The present invention relates to a method for culturing anaerobic bacteria. More details: dithionite, sodium bicarbonate,
An oxygen scavenger containing sodium carbonate and water and a medium inoculated with anaerobic bacteria are placed in a sealed container, and cultured within 5 hours at an oxygen concentration of 0.1% or less and a carbon dioxide concentration of 5 to 20%. The present invention relates to a method for culturing anaerobic bacteria, which is characterized by the following. Bacteria are classified into (1) obligate aerobes, (2) facultative anaerobes, and (3) obligate anaerobes based on their oxygen requirements. Among these obligate anaerobes, Clostridium botulinum , Clostridium perfringens , and other food-poisoning bacteria, and in recent years, anaerobic bacterial culture methods have been attracting attention as part of research methods from the standpoint of prevention or as pathogen testing methods. However, culturing of anaerobic bacteria has conventionally required special instruments and devices, and operation has required considerable skill. Conventional methods include (1) multilayer method, (2) multilayer solid medium culture method, (3) air displacement method, (4) chemical oxygen absorption method, (5)

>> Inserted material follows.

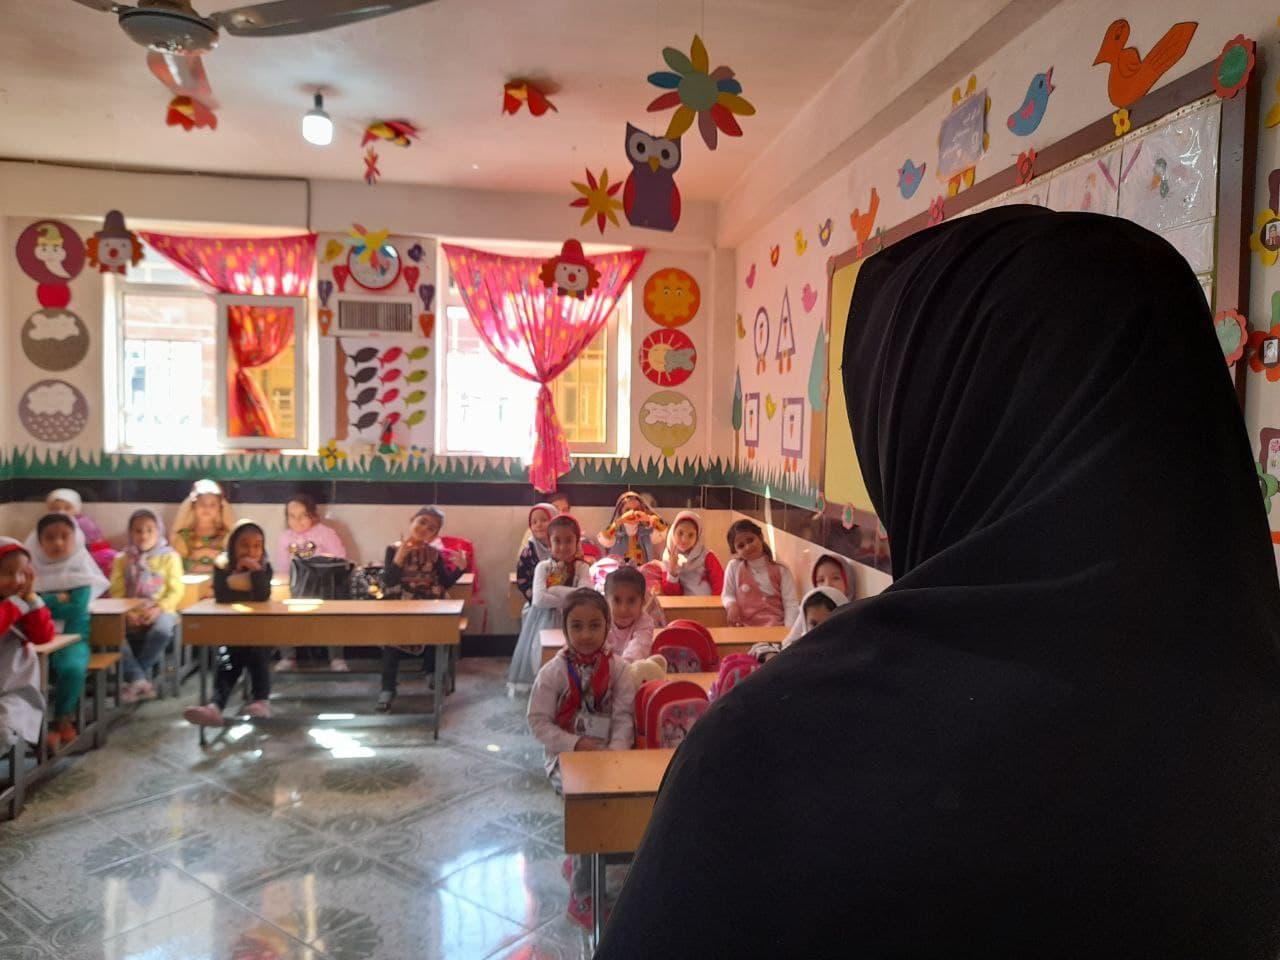 آموزگار در آخرین روز حضورش در صنف درسی مکتب.  عکاس: مریم مرسل

There are methods such as adding a reducing agent etc. to the culture medium and (6) biological methods, but all of these methods require complicated operations to create an anaerobic atmosphere. Of (4), the most commonly used method is the gas pack method.The principle is to generate hydrogen gas and carbon dioxide gas by a chemical method, and to react the hydrogen with oxygen in a container using a palladium metal catalyst. This creates an anaerobic state. However, this method involves the generation of flammable hydrogen gas, and even after oxygen removal, 10% of hydrogen gas remains, which is dangerous.
Disadvantages include the catalyst temperature reaching a high temperature of 100°C or higher, the need to regenerate the catalyst, and poor economic efficiency. A possible solution to these drawbacks is to use an oxygen scavenger to remove oxygen. However, many anaerobic bacteria require carbon dioxide gas for their growth, and simply using an oxygen scavenger is not sufficient as a method for culturing anaerobic bacteria. The present invention overcomes these drawbacks.

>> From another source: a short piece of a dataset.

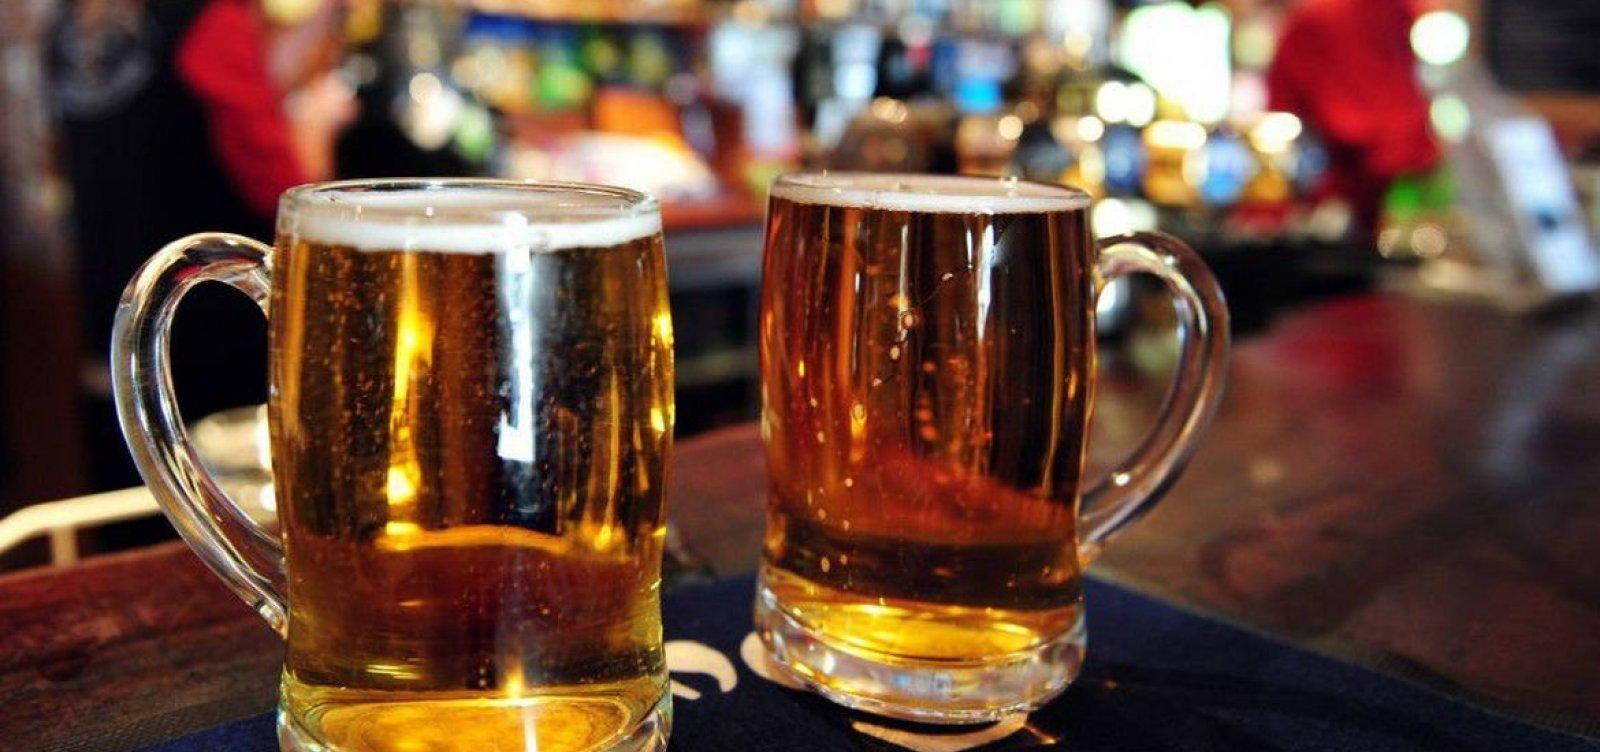 [Decreto que proíbe consumo de bebidas alcoólicas em bares de Belo Horizonte entra em vigor nesta segunda]

That is, the present invention contains dithionite, sodium bicarbonate, sodium carbonate and water,
An oxygen scavenger with a weight ratio of (sodium hydrogen carbonate)/(sodium hydrogen carbonate + sodium carbonate) of 0.4 to 0.9 and a medium inoculated with anaerobic bacteria are sealed in a sealed container, and the oxygen concentration is reduced within 5 hours. This is a method for culturing anaerobic bacteria, characterized by culturing at a carbon dioxide gas concentration of 5 to 20% with a carbon dioxide gas concentration of 0.1% or less. According to the present invention, there is no need for a catalyst or special equipment or equipment, and the above-mentioned dithionite-based oxygen scavenger is stored in a sealed container, for example, with an oxygen permeability of 100 c.c./m 2 / 24 hr / atm.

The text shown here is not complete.